Çoğu dinde de gördüğümüz gibi insanoğlu bir şekilde öldükten sonra var olmak istiyor. Varlığının evrenden silinip yok olmasından korkuyor. Bu hayatta yaptıklarının ölümden sonra bir anlam ifade etmesi gerektiğine inanıyor. Bir bakıma korkuları inançlarını şekillendirmeyi başarıyor. Hiçbirimiz daha önce ölmedik ve ölümden sonra ne olacağını bilmiyoruz ama en azından ne olmasını istediğimizi biliyoruz.
Saygılar.
Fakir Yazar Kürşat.
her dinin çok değişik özellikleri varmış az da olsa biliyordum ama ilk defa duyduğum dinler var
Birçok dinde aslında ortaklık söz konusu sadece isimler farklı ve kavramlara verilen değer biçimleri değişkenlik gösteriyor. Herkes de kendi bildiğini doğru sayarak dünya yaşamını şekillendirmeye çalışıyor. Detaylı ve güzel bir yazı olmuş, emeğine sağlık 🙂
Hepsini okudum valla yine en iyisi kendi dinimiz diğerleri yazıda bahsettiğiniz gibi çok saçma geliyor ya.

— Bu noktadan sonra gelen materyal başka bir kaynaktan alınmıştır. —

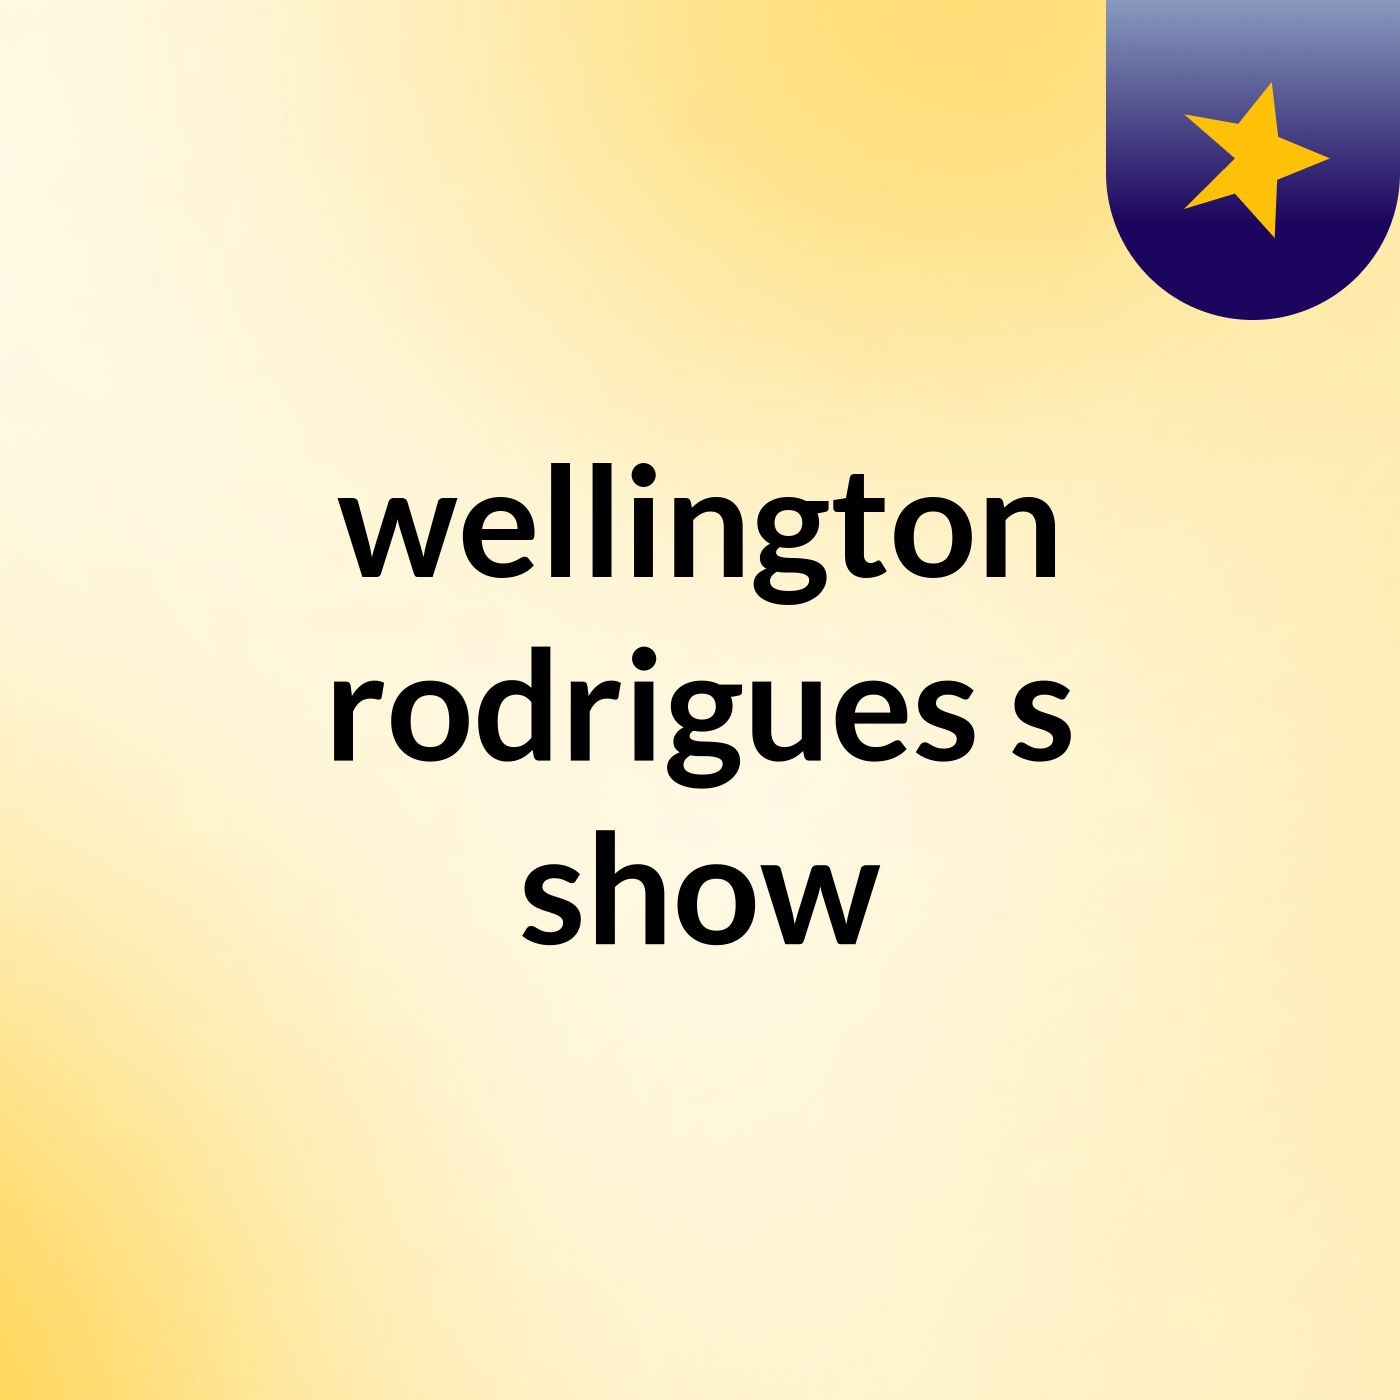 wellington rodrigues's show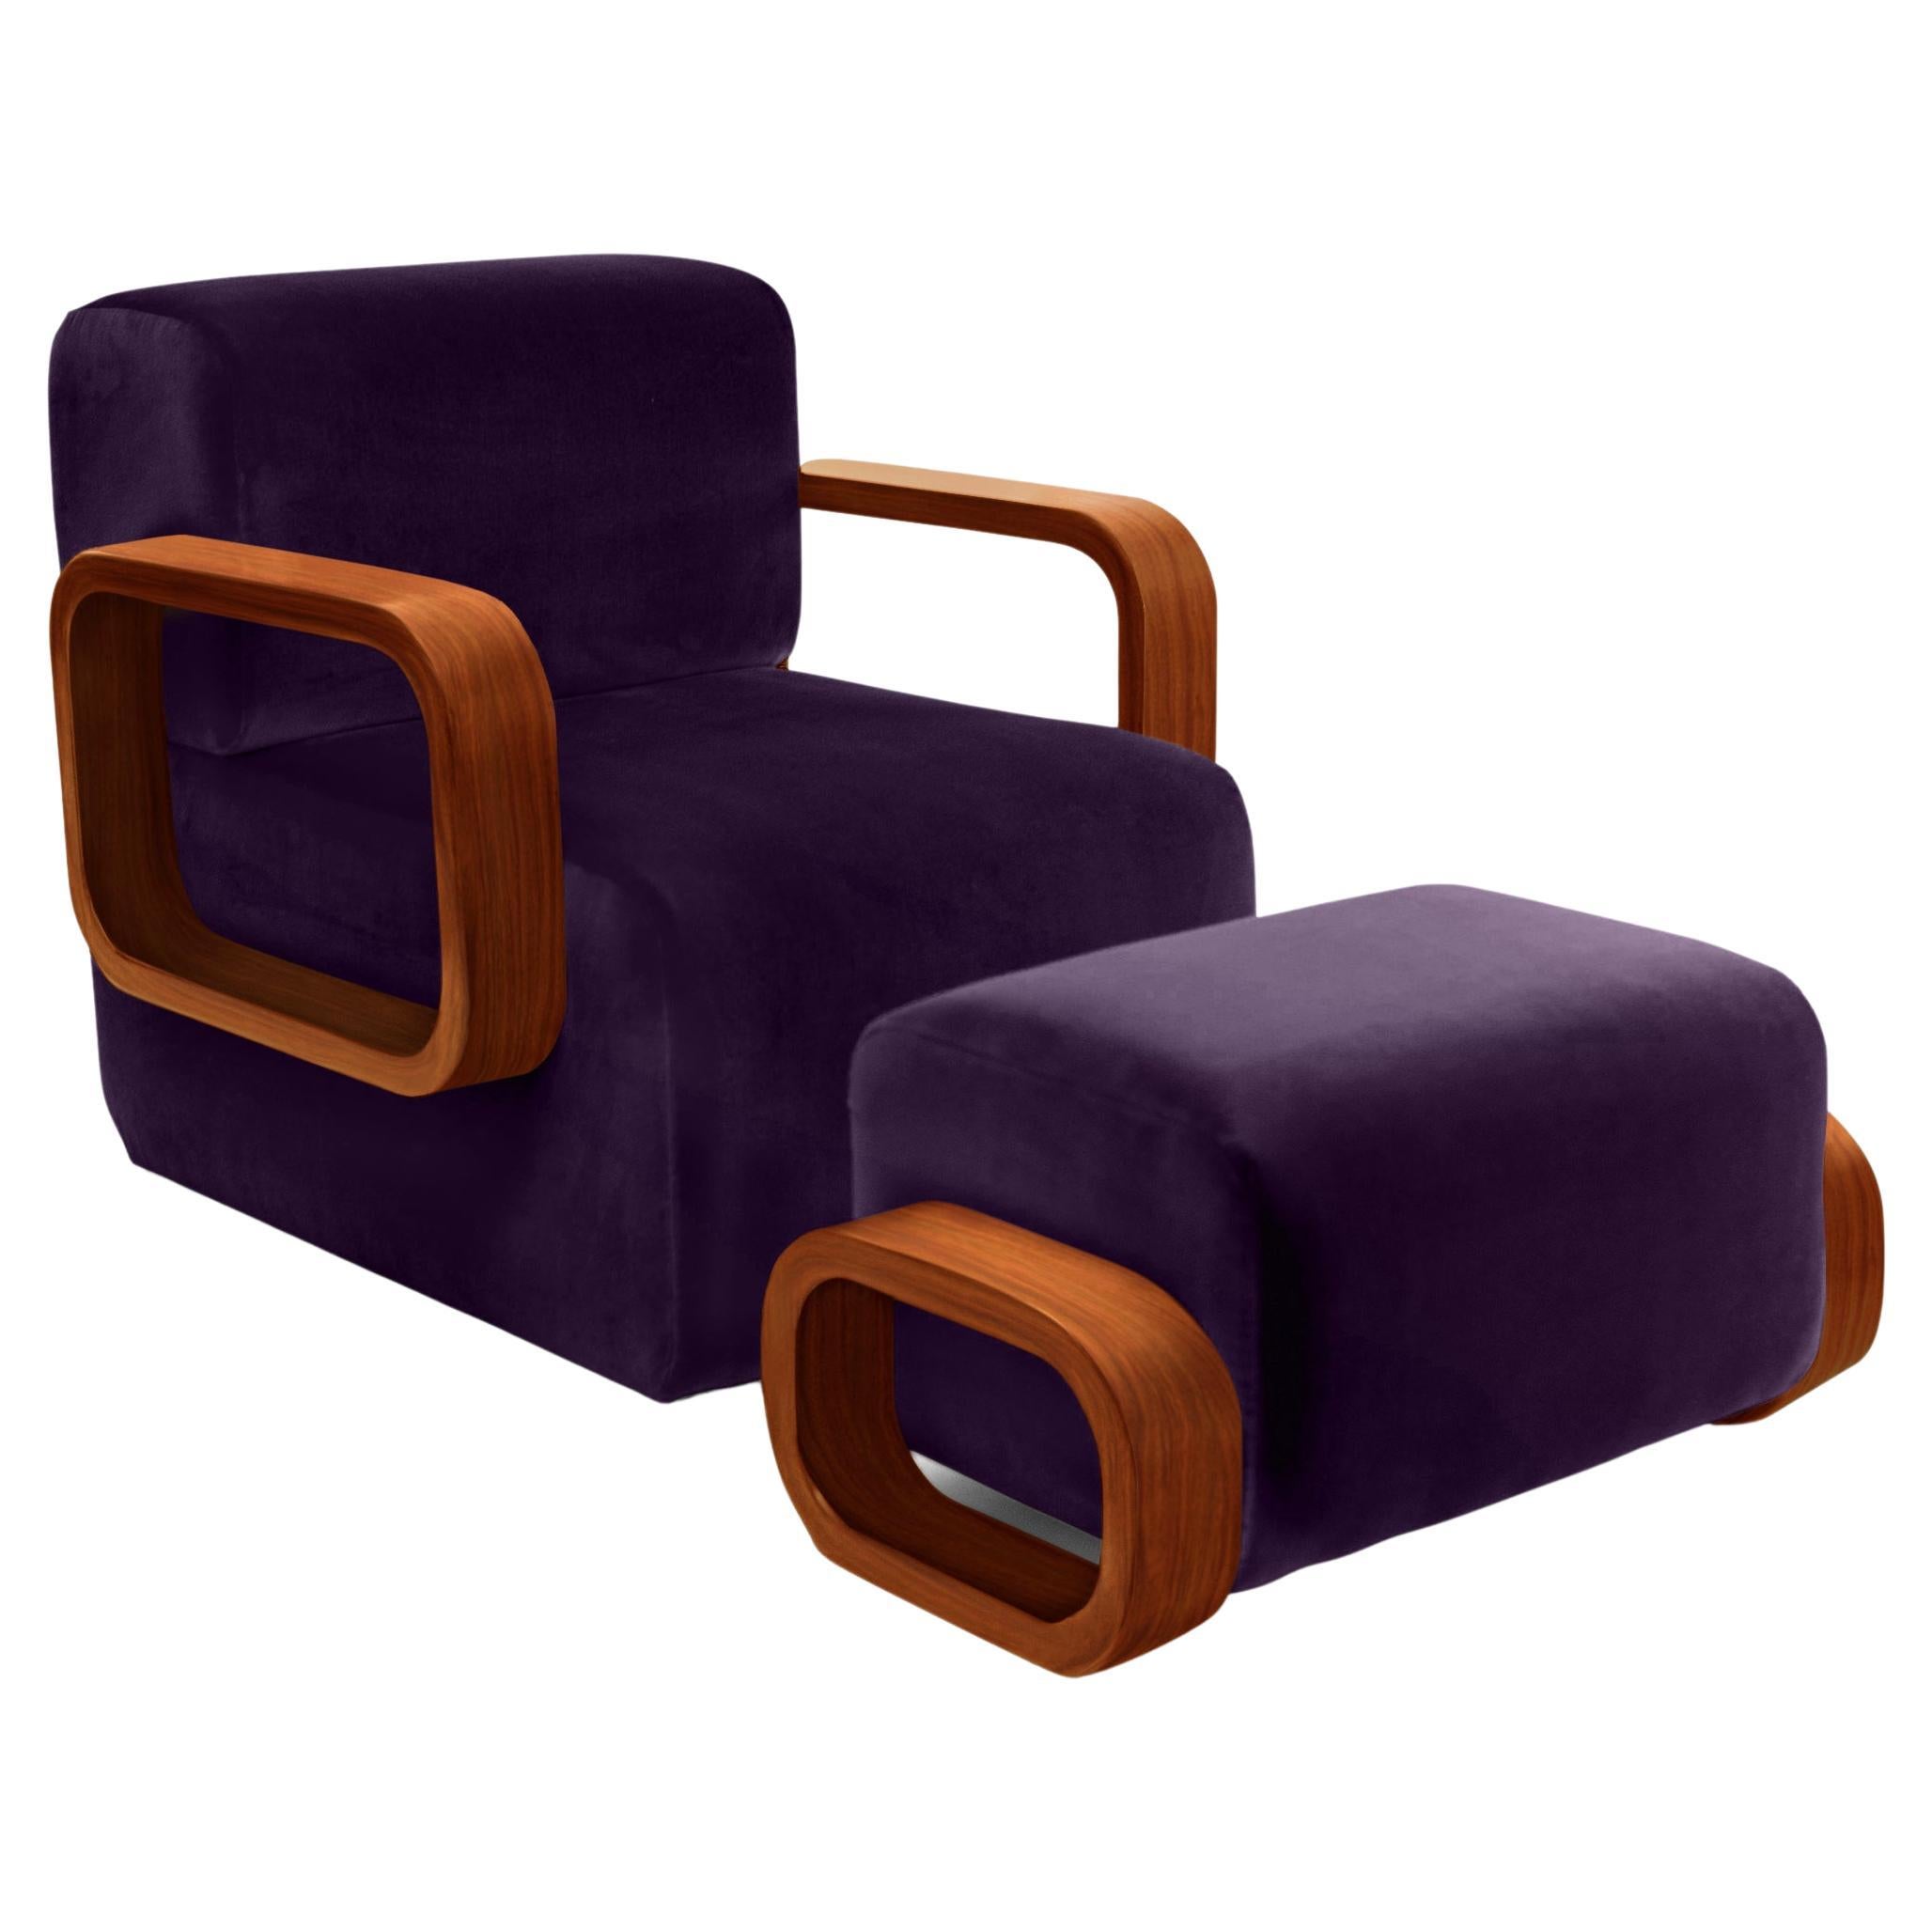 Cayenne Lounge Chair, Violet Velvet/High Gloss Varnish Brown Solid Oak

Dünyada sayısız din var. Bunların çoğunun kökleri aslında Paganizm’e dayanıyor. Kültürden kültüre isimler ve uyguladıkları ritüeller değişiyor. Eskiden insanlar Paganizm’e inanırken batıda kilisenin doğuda ilk Müslüman devletlerin baskısı ve fetihleriyle insanlar Paganizm’den uzaklaştırılmış ve İbrahimi inançlar etkili kılınmıştır. Faydalı bir yazı olmuş teşekkürler.
Bu güzel bilgiler için teşekkürler Fakir Yazar. İlk 3 – 4 din hakkında bilgim yoktu. Hatta o dinleri ilk defa işittim. Ancak ilginç bilgiler olduğunu gördüm ve bana kattığınız bu genel kültür için teşekkürlerimi sunarım.